Clutter is distracting, and it’s not helping your writing any.

Go through everything that fills up your writing space and make the tough choice to throw junk away.

It may feel like you’re getting rid of treasures, but, believe me, when your brand new writing space is clean, tidy, and free of old sticky-notes and that stack of story drafts, you’ll feel lighter.

3. Respect the Space

If you’re going to get serious about writing, then you need to get serious about writing. This means treating it with respect.

If you designate an area in your house to writing, then that space can only be for writing.

Don’t browse Facebook in that space, don’t watch Netflix in that space, don’t play video games in that space.

Consider your writing area a sacred place where only good thoughts can grow, and make sure your family knows this too.

I told my husband that we could no longer throw our junk there and walk away. In fact, I told him not to put anything there without my permission.

I also asked my husband to remind me not to put anything unrelated to writing in that space — ’cause I’m guilty of it, too!

4. Make it Yours

Your writing area should make you feel good.

De-cluttering your space doesn’t mean making it an empty space — you can, and should, surround yourself with inspirational objects.

Before I took back my writing space, I would sit there and feel gross and heavy just looking at all the junk hogging all the room.

Now, when I slide into that chair, I feel actual joy. After I finished cleaning my area, I just sat there and drank it all in. I found myself smiling for no reason.

If there are quotes that move you to work, print them out and hang them up! If there are pictures you love, include them! Make sure your writing space is yours.

For me, I have a Walt Whitman quote, a dreamcatcher, a lithograph of Jack Kerouac’s On the Road, a painting of the Eiffel Tower, and a sweet note from my husband. They all bring me joy.


5. Add a Touch of Life

It is scientifically proven that plants can improve your productivity and your happiness .
To me, this sounds like a perfect excuse to buy yourself flowers every week! After all, you spend $5 on coffee every morning — why not put one or two of those white mochas toward a longer-lasting and (debatably) prettier-to-look-at writing charm?


6. Create Good Habits

Because your writing space is new to you, it may feel strange to work in it!
It’s not bad to write in other places, but it would be a shame to let such a perfect area go to waste by spending all your good writing in other places.
If you find yourself at home, writing in a place that isn’t your writing area, move to work in your space.

I believe doing this will train your mind to work better in your writing area. The reason I can no longer consistently work well on the couch is because I have spent way too many hours (read: days) watching Netflix there.

Some days, when I’m trying to work on the couch, no matter how hard I try to resist, I still end up re-watching an entire season of Grey’s Anatomy. I’ve put (a shameful amount of) hours into training myself that Couch = Netflix. Trying to work there is almost pointless.

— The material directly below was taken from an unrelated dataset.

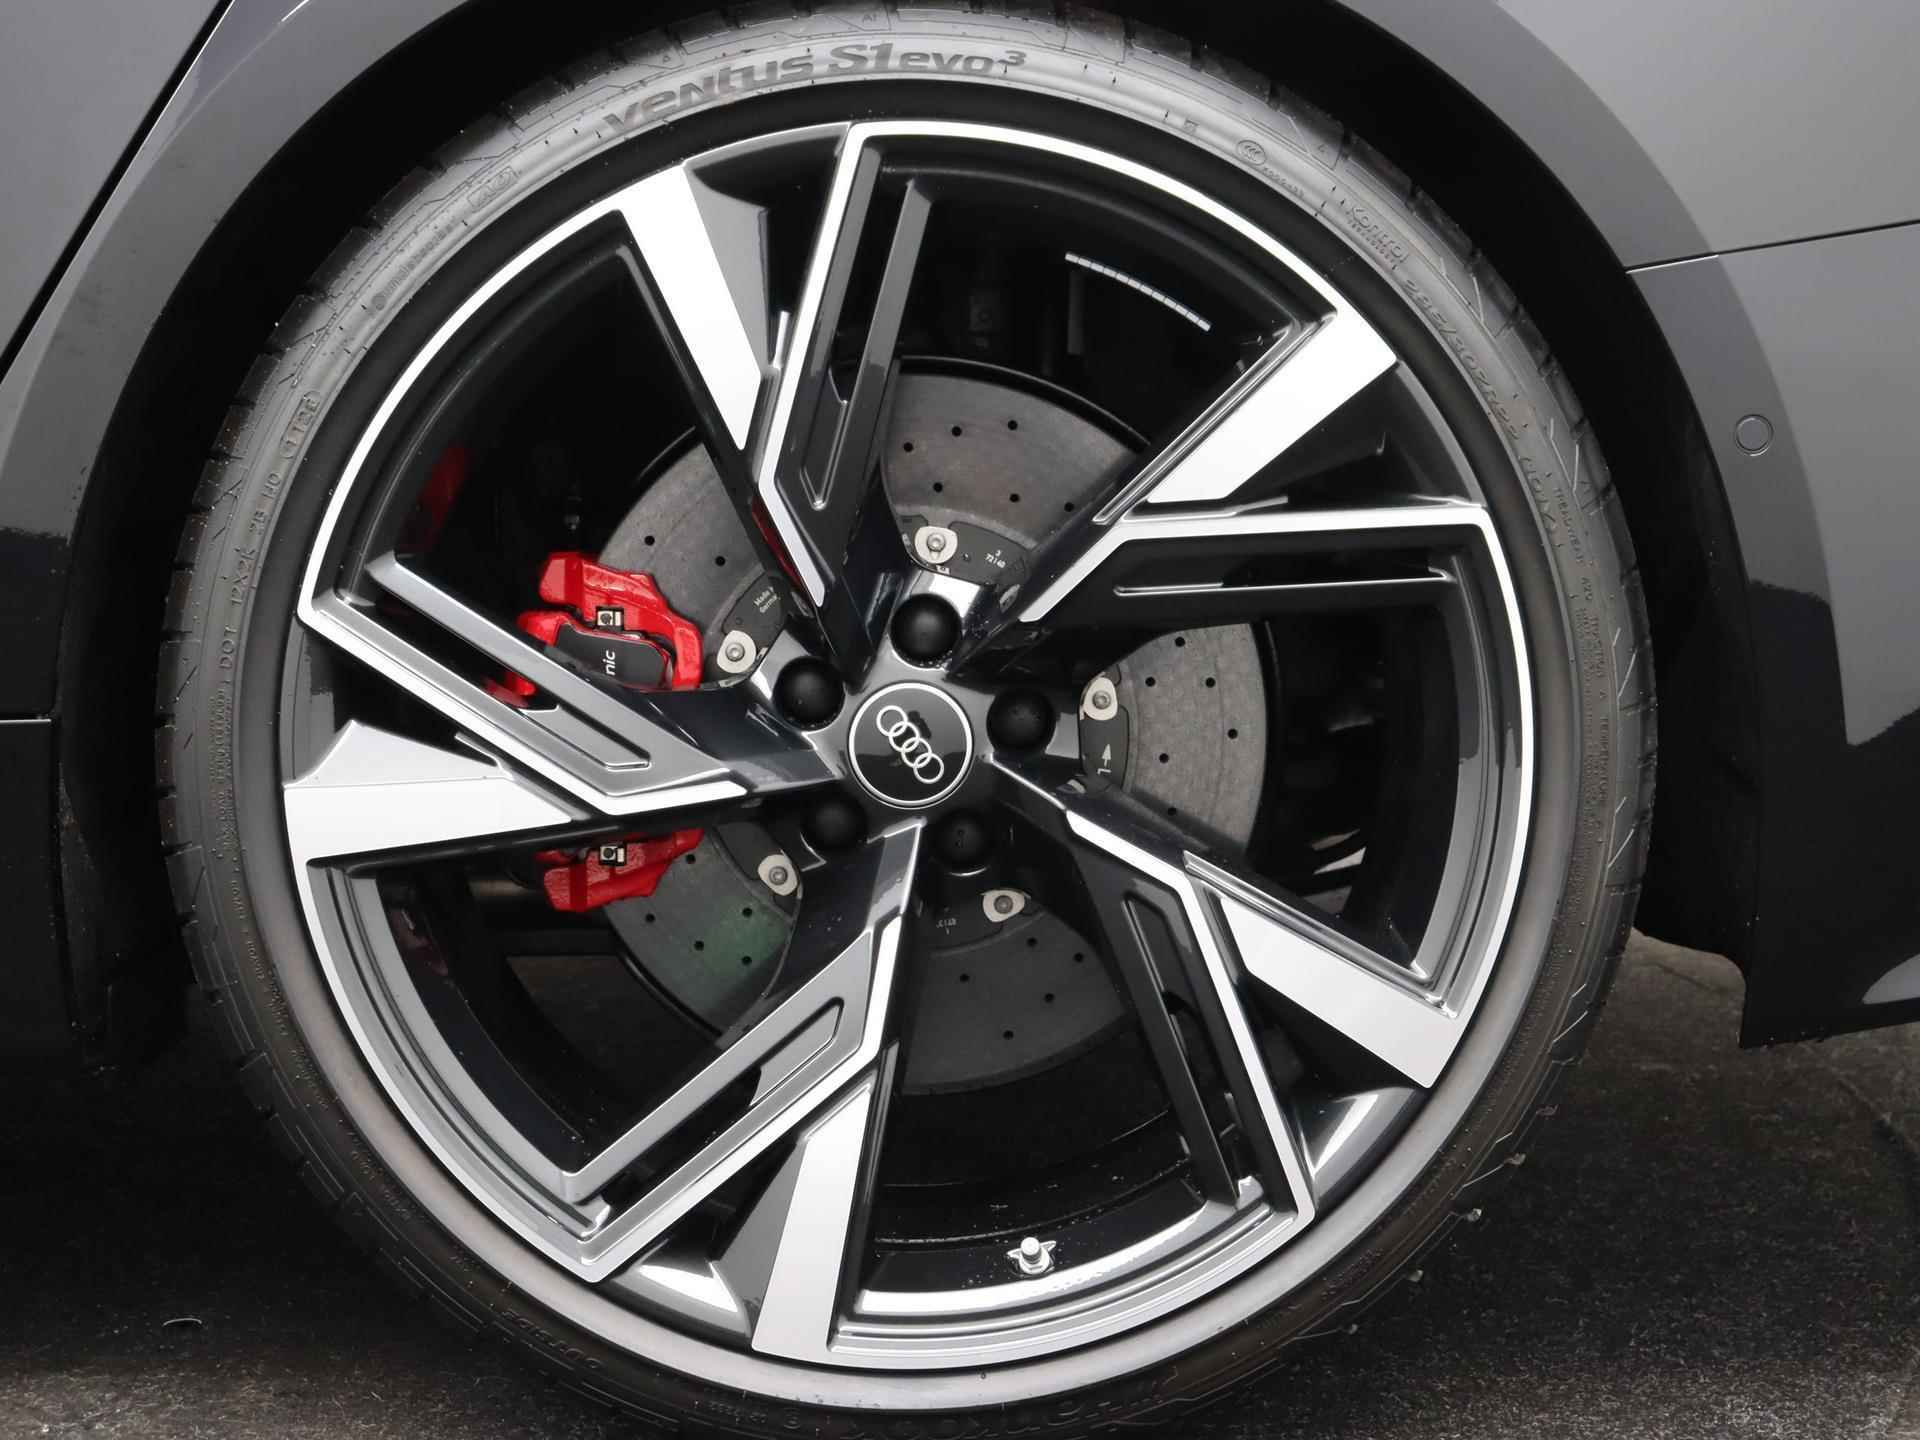 Audi RS6 TFSI quattro 600 PK | Head-up display | Bang & Olufsen Soundsystem | 22 inch lm velgen | RS Dynamic Pakket Plus | RS Design pakket Rood |Optiekpakket Zwart Plus | Panorama dak | RS Sportuitlaat | Keramische remschijven Rood | RS Sportonderstel Plus | Servosluiting deuren | Nu € 36.129,- ACTIEKORTING! | DIRECT LEVERBAAR! | NIEUWE AUTO! | - 11/35

But, in a similar way, you can train yourself to think Writing Space = Writing.


I get that writing doesn’t always come when we want it to. Believe me, I get it. But, I’ll be honest with you, taking back my writing space has been one of the easiest, yet most effective, tricks in getting myself to write more.

It may seem like a daunting task, tackling that growing pile of things you just don’t have time to find a place for.

But it is so worth the effort! Not only will your home feel cleaner, but you’ll also be so excited about your “brand new” writing space that you’ll be rearing to get to work.

What are ways you’ve made your writing space your own? Leave a comment about what works for you!

2 thoughts on “6 Simple Ways to Take Back Your Writing Space

  1. Thanks for a great post. I have to agree on the importance of having your own space but I too unfortuantely let mine become a dumping ground for homeless items from around the house. I will be moving soon and am lucky in that I will have an entire room dedicated to being my home office/library and I can’t wait… I have promised myself that I will not let it become another lost and found depository. Good luck with your space and enjoy your writing.